We can think of a data frame as a list of vectors. The single brace [1] returns the first slice of the list, as another list. In this case it is the first column of the data frame.

R

weather[[1]]

OUTPUT

[1] "torgersen" "biscoe"    "dream"

The double brace [[1]] returns the contents of the list item. In this case it is the contents of the first column, a vector of type character.

R

weather$island

OUTPUT

[1] "torgersen" "biscoe"    "dream"

This example uses the $ character to address items by name. island is the first column of the data frame, again a vector of type character.

R

weather["island"]

OUTPUT

     island
1 torgersen
2    biscoe
3     dream

Here we are using a single brace ["island"] replacing the index number with the column name. Like example 1, the returned object is a list.

R

weather[1, 1]

OUTPUT

[1] "torgersen"

This example uses a single brace, but this time we provide row and column coordinates. The returned object is the value in row 1, column 1. The object is a vector of type character.

R

weather[, 1]

OUTPUT

[1] "torgersen" "biscoe"    "dream"

Like the previous example we use single braces and provide row and column coordinates. The row coordinate is not specified, R interprets this missing value as all the elements in this column and returns them as a vector.

R

weather[1, ]

OUTPUT

     island temperature snowfall
1 torgersen         1.6    FALSE

Again we use the single brace with row and column coordinates. The column coordinate is not specified. The return value is a list containing all the values in the first row.

Tip: Renaming data frame columns

Data frames have column names, which can be accessed with the names() function.

R

names(weather)

OUTPUT

[1] "island"      "temperature" "snowfall"
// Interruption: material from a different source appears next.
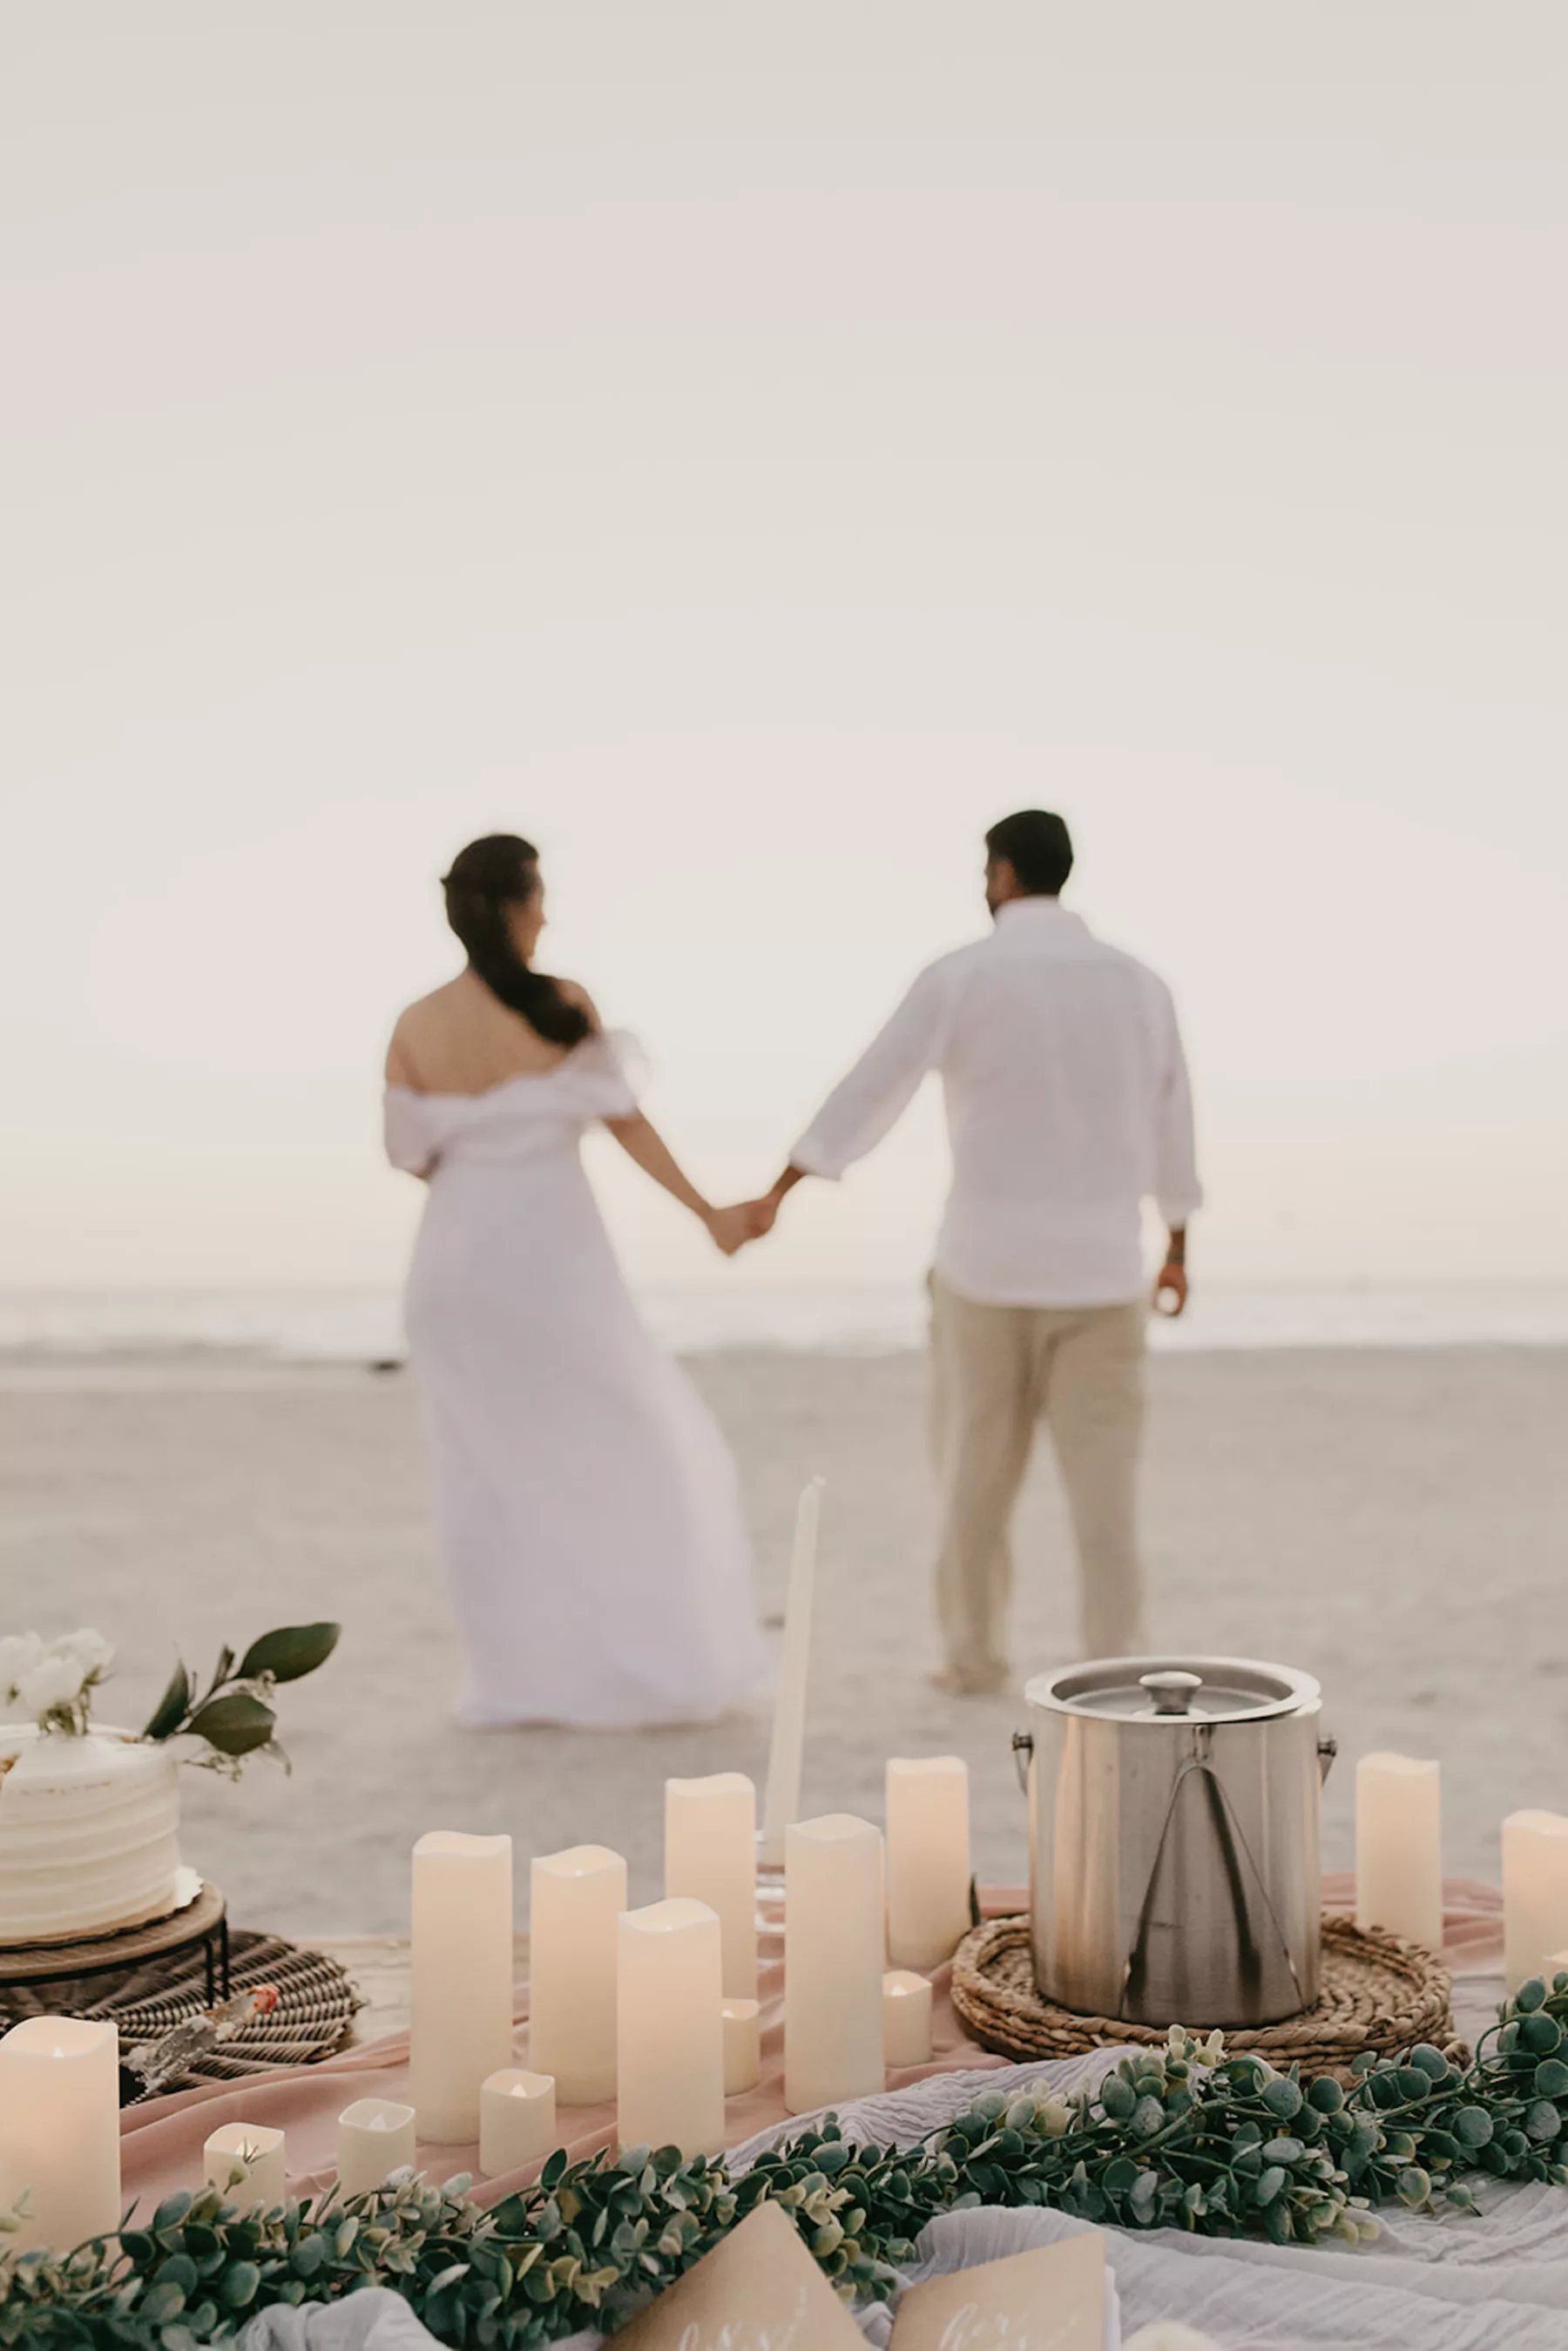 Intimate Bride and Groom Beach Wedding Elopement Decor Inspiration | Flameless Candles, Greenery Garland Ideas

If you want to rename the second column of weather, you can assign a new name to the second element of names(weather).

R

names(weather)[2] <- "temperature_celcius"
weather

OUTPUT

     island temperature_celcius snowfall
1 torgersen                 1.6    FALSE
2    biscoe                 1.5    FALSE
3     dream                -2.6     TRUE

Key Points

Use read.csv to read tabular data in R.
The basic data types in R are double, integer, complex, logical, and character.
Data structures such as data frames are built on top of lists and vectors, with some added attributes.
Indexing in R starts at 1, not 0.
Access individual values by location using [].
Access slices of data using [low:high].
Access arbitrary sets of data using [c(...)].
Use logical operations and logical vectors to access subsets of data.